In order to solve the above-mentioned problems, an air duct is provided so that air is brought into contact with each of an inner peripheral wall and an outer peripheral wall of a jet engine and a chamber chamber, so that the temperature difference on the surface of the power generating element is increased, thereby stabilizing the temperature. A device that can be obtained in a targeted manner.

[0006] A device that can improve the drive transmission efficiency of drive energy generated by the electric motor by attaching the electric motor to the turbine body.

[0007] An energy heat storage device that uses a device (water tank and water jacket, metal plate, ceramic, etc.) capable of storing thermal energy between the power generating element and the inner and outer peripheral walls of the chamber.

[0008]

DETAILED DESCRIPTION OF THE PREFERRED EMBODIMENTS As shown in FIG. 1, a jet engine temperature difference power generating apparatus according to the present invention includes an inner peripheral wall 2 and an outer peripheral wall 5 of a chamber, and uses an electric motor generated by a temperature difference power generating element 3 as an electric motor. A device that transmits to the section 4 to obtain the propulsion of the turbine and a device that can store thermal energy 7
Is provided.

[0010] An apparatus capable of generating thermal energy in a jet engine and a chamber 1 by a power generating element 3 and transferring the generated electric energy to an electric motor 4 mounted on a turbine to propel the turbine.

A structure in which an air duct 9a is provided inside and an air duct 10b is provided outside the inner peripheral wall 2 of the chamber chamber 1 so that the temperature difference of the power generating element 3 can be more stably obtained.
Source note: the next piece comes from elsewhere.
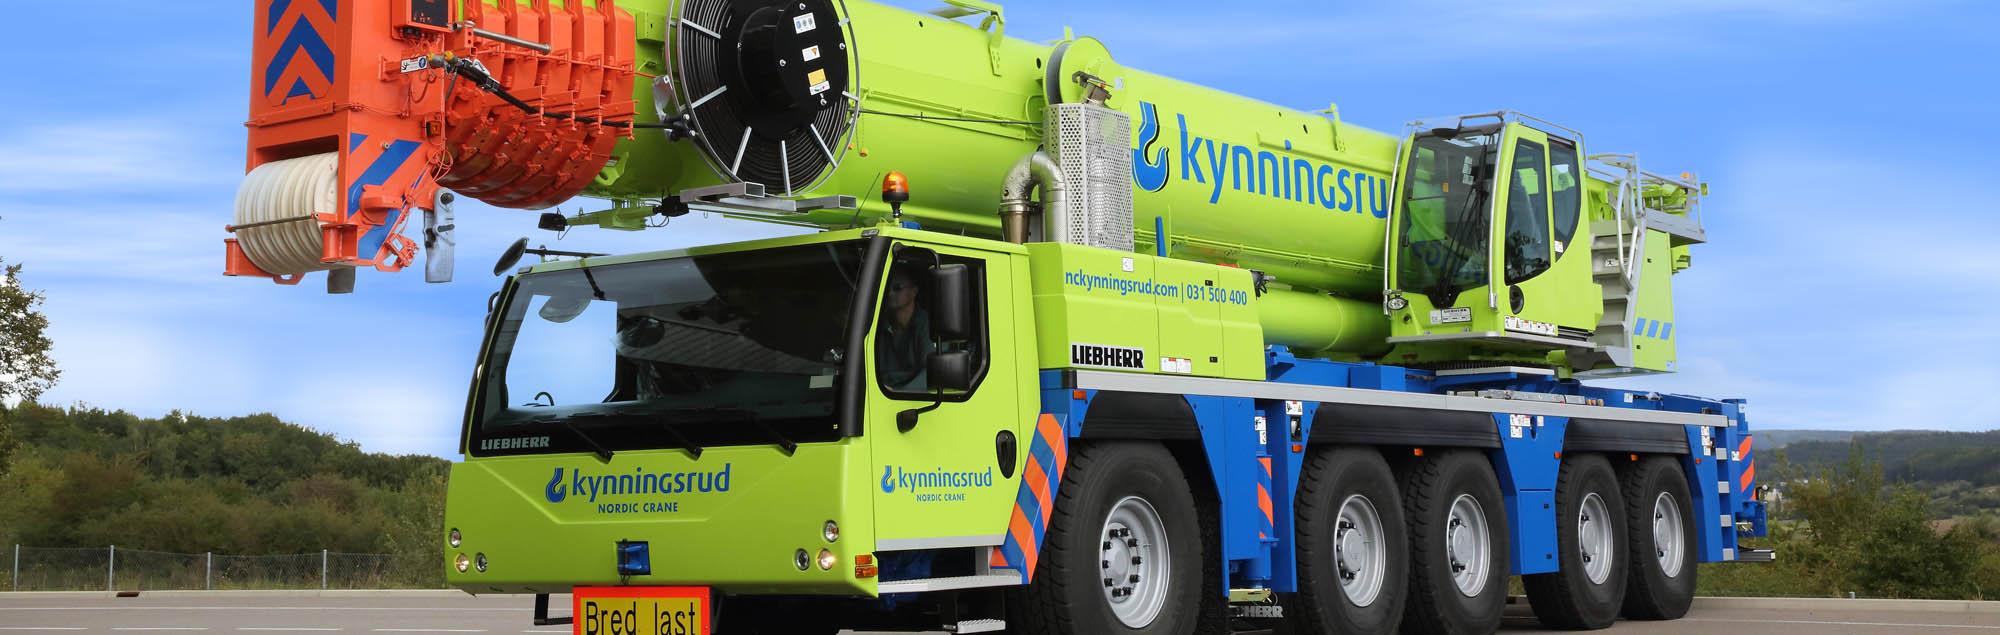 Köper WBM Hyrkranar i Stockholm

The torque transmission efficiency can be improved by installing the electric motor 4 directly on the shaft of the turbine.

By installing a device 7 capable of holding thermal energy between the inner peripheral wall 2 and the outer peripheral wall 5 of the chamber 1 and the power generating element 3, the heat retaining effect can be maintained and the thermal difference can be stably obtained. .

As an effect of the present invention, the thermal energy cannot be effectively used in the conventional jet engine (because the volume and weight cannot be increased) depending on the use conditions. Use of the obtained thermal energy as part of the propulsion energy of the jet engine without changing the volume and weight of the engine, by stabilizing the gap, installing an air duct, and using a power generating element and an electric motor together with the jet engine can do. Therefore, the energy saving effect can be sold.

[0013]

[Brief description of the drawings]

FIG. 1 is a sectional view of a jet engine combining a power generating element and an electric motor.

[Explanation of symbols]

 1 chamber room 2 chamber inner peripheral wall 3 power generating element 4 electric motor 5 chamber outer peripheral wall 6 air vent fan 7 water tank 8 water jacket 9a air duct 10b air duct 11 partition

Claims (6)

[Claims] 1. An apparatus capable of obtaining a greater temperature difference between power generating elements (Peltier elements, free mist elements) on the outer peripheral wall by attaching an air duct outside the chamber chamber and the outer peripheral wall. 2. An apparatus in which an air duct is provided at the center of a turbine to stably maintain a temperature difference between power generation elements in a chamber chamber and a peripheral wall. 3. An apparatus capable of increasing the transmission efficiency of rotational power of a turbine by directly attaching an electric motor to the shaft of the turbine. 4. An apparatus capable of maintaining a thermal disparity effect by a heat retaining effect by installing a device capable of storing thermal energy between a peripheral wall of a chamber, an outer peripheral wall, and a power generating element. 5. An air duct fan in a turbine room for improving cooling efficiency and propulsion. 6. An apparatus characterized in that it can be handled in the same manner throughout a gas turbine.